A really interesting read. I agree BGP leaks are a great risk to instability, but that could be said about any glitches that affect major backbones like NTT and Google (not a backbone but it's so well connected...). BGP Routing issues happened numerously, and will likely continue. Last year with Telia too had 4 or 5 "glitches" as they upgraded their network. [1] I talked to them about it and the mitigation is always the same, be more careful, peer review, additional filters, etc.

Since each ISP implements BGP/Routing Tables/Topology in their own way, I'm not sure what you would do about this, other than choosing your peers carefully and filter any crazy route changes.

[1] http://www.theregister.co.uk/2016/06/20/telia_engineer_blame...


The NTT in the article isn't the NTT America that you're thinking of. NTT America is the "backbone" company formed from the Verio purchase, then left to do their own thing largely outside the control of NTT Japan.


What is BGP?


Let's say you have three ISPs, Red, Green, and Blue. Red and Green have a cable connecting them somewhere, and Green and Blue have a cable connecting them somewhere. Each of them send notices using BGP to each other saying, "Hi, this is my subnet, if you want to route to that subnet you should send packets to me." But Red and Blue also want to communicate to each other, so Green will also send a message to Red saying "Hey, I know how to reach Blue's subnet, I can indirectly route packets there too," and to Blue saying the same thing about Red's subnet.

Now if Red and Blue get a cable connecting the two of them, they'll start speaking BGP to each other. Green will continue advertising the indirect path, but Red's routers and Blue's routers will see that they have a more direct path to each other, and not go through green. So while network engineers need to tell their routers about their direct connections, BGP will automatically help distant ISPs figure out the best indirect paths.

It looks like what happened is that Google, which is not an ISP but peers directly with a bunch of ISPs (so they get better performance than being behind a single ISP, as most smaller companies do), started advertising routes that looked more efficient than the actual routes between various ISPs. Technically, those packets can flow over Google, although Google doesn't have the capacity to route traffic on behalf of the internet at large (it's not an ISP), and probably has routing rules configured to not actually accept packets that aren't destined for Google sites.

So two things happened. The first is that internet connectivity was disrupted. The second is that we got to see, a bit, what Google's peering relationships look like, because of the routes that Google advertised.


Thanks for that explanation. I'm not 100% on BGP yet, although I do want to learn more about it.

It sounds like Google's SDN (software-designed networking) stack had a glitch then. I read an overview of that a while ago, I think I got it from HN. https://www.nextplatform.com/2017/07/17/google-wants-rewire-...

On a side note, I'm aware that BGP and similar "super-large-scale" infrastructure can be examined using publicly-accessible resources, but the sites out there are mostly geared toward people doing lookups for specific info, not people who want to learn. That's completely understandable, but as someone who learns more easily if something is tangible and "tinkerable", it's difficult for me to look at these sites and make the effort to [get oriented and then] piece everything together. How can I go "oooh, I get it" looking at the data from these sites?

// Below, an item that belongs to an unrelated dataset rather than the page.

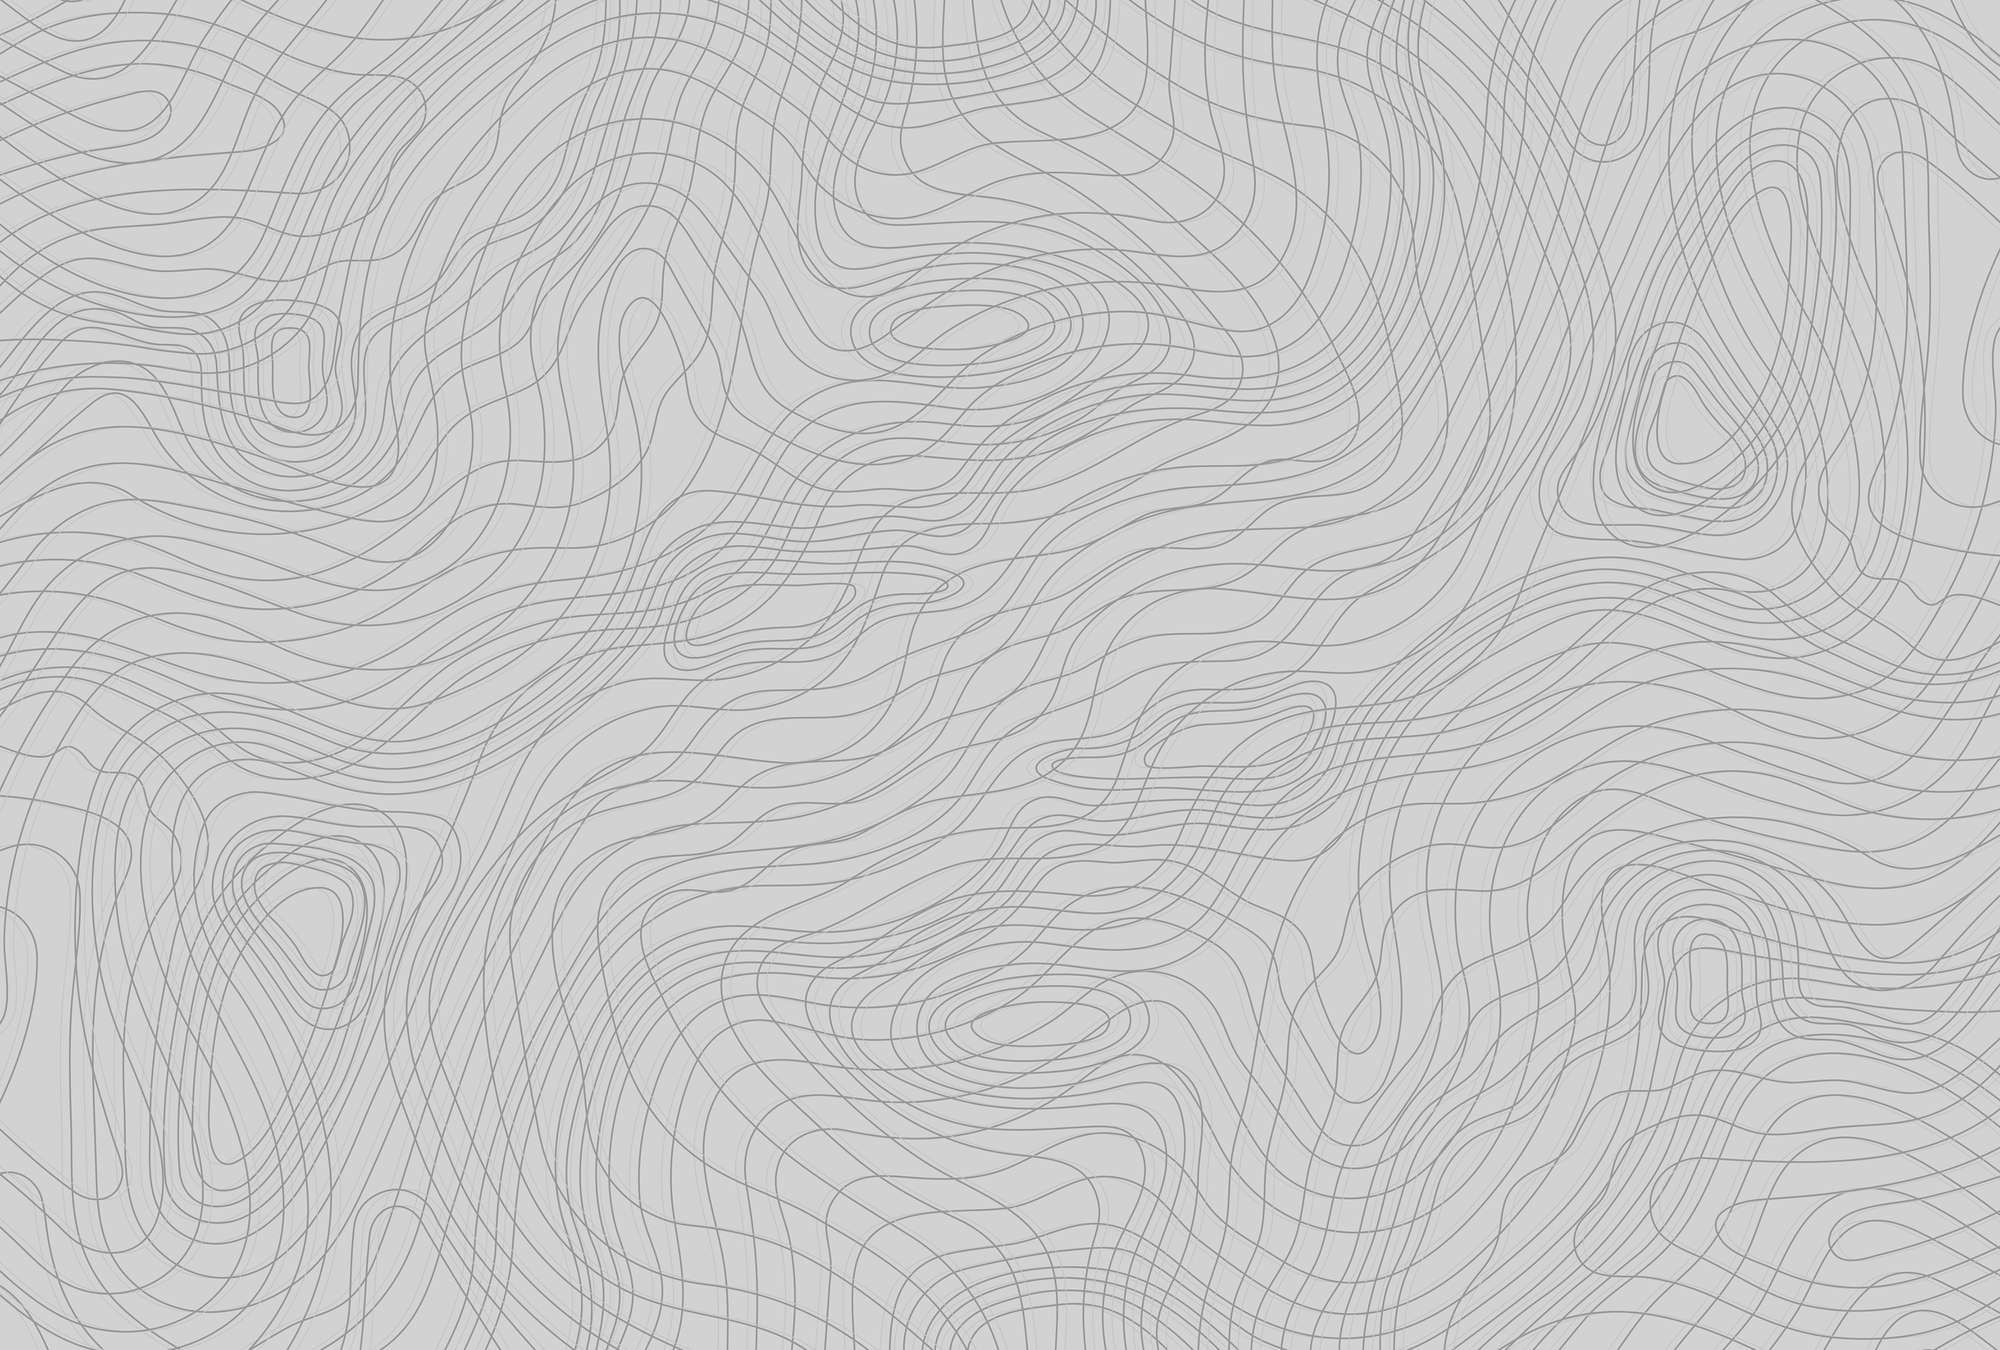             Fototapete Linienmuster, minimalistisch & organisch – Grau, Schwarz

I'm also vaguely aware you can take the TCP/IP stacks on Linux (and probably Windows) completely to bits and put everything back together so the OS speaks BGP over Ethernet (or something equivalent) instead. It would be kind of cool if I could do that and then actually use the connection, with BGP setup as a replacement for standard IP addresses... if I could do that I'd actually leave everything configured that way, and thus be able to tinker with it. Sure, people don't generally connect their systems together via BGP - but BGP is used to transfer data (in the sense of "link-layer protocol"), right? I'm going to learn something.


BGP runs over TCP/IP, as a normal TCP service (port 179): it just tells you how to route packets. On 99% of machines you'll run into (your laptop, your servers at work, cloud VMs, etc.), they have exactly one network connection to one network provider, and so the routes are static, or at best provided by DHCP. For instance, at home my laptop knows that everything in 192.168.0.* can go directly over wifi, and everything else can be sent to 192.168.0.1. My router knows that everything should be sent to the ISP. And so forth.

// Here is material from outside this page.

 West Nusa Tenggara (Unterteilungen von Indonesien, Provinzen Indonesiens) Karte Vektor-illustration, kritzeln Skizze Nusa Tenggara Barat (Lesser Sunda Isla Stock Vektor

BGP is for network devices that have multiple connections to the Internet and need to decide which connection to use. They'll set up static IP routing to their immediate neighbors, make that TCP connection between their BGP daemons, and then let their BGP daemons configure the rest of the routing table.

Most of the time these devices are backbone routers run by ISPs, but you can totally run BGP on your random Linux server. You'll need someone to peer with, though. I've used Quagga http://www.nongnu.org/quagga/ (although with OSPF, another routing protocol optimized for smaller-scale use) for implementing two separate web servers sharing the same IP address - that is, two servers claiming "Hey, I know how to reach this address, you can route through me," such that the service would stay up if either web server died - and it was mostly just `apt-get install quagga`, a small bit of config, and lots of help from the networking team doing some config on our intranet's routers to peer with my two servers and trust them.


> On 99% of machines you'll run into (your laptop, your servers at work, cloud VMs, etc.), they have exactly one network connection to one network provider, and so the routes are static, or at best provided by DHCP.

Phones can connect to the internet over both WiFi and 4G. But I guess BGP wouldn't be particularly helpful for them for some other reason?


BGP would theoretically be possible, but it's not practical for several reasons including:

Generally BGP minimum prefix is /24, using 256 ips for one phone (+1 for each connection) isn't very efficient

If everyone did it, global routing tables would be really huge.

BGP is generally used across connections intended to be permanent, but phones often have intermittent connections, so there would be a lot more route changes than normal.

I'm guessing you wouldn't want or be able to really handle a full routing table, but BGP routing policy choices might not really be what you want.

Something like MultiPath TCP is a better fit for mobile devices with multiple ips. (The next revision of iOS should make it available for apps, they've been using it for Siri for a while)


Sounds a lot like what FreeBSD CARP[1] suppose to do.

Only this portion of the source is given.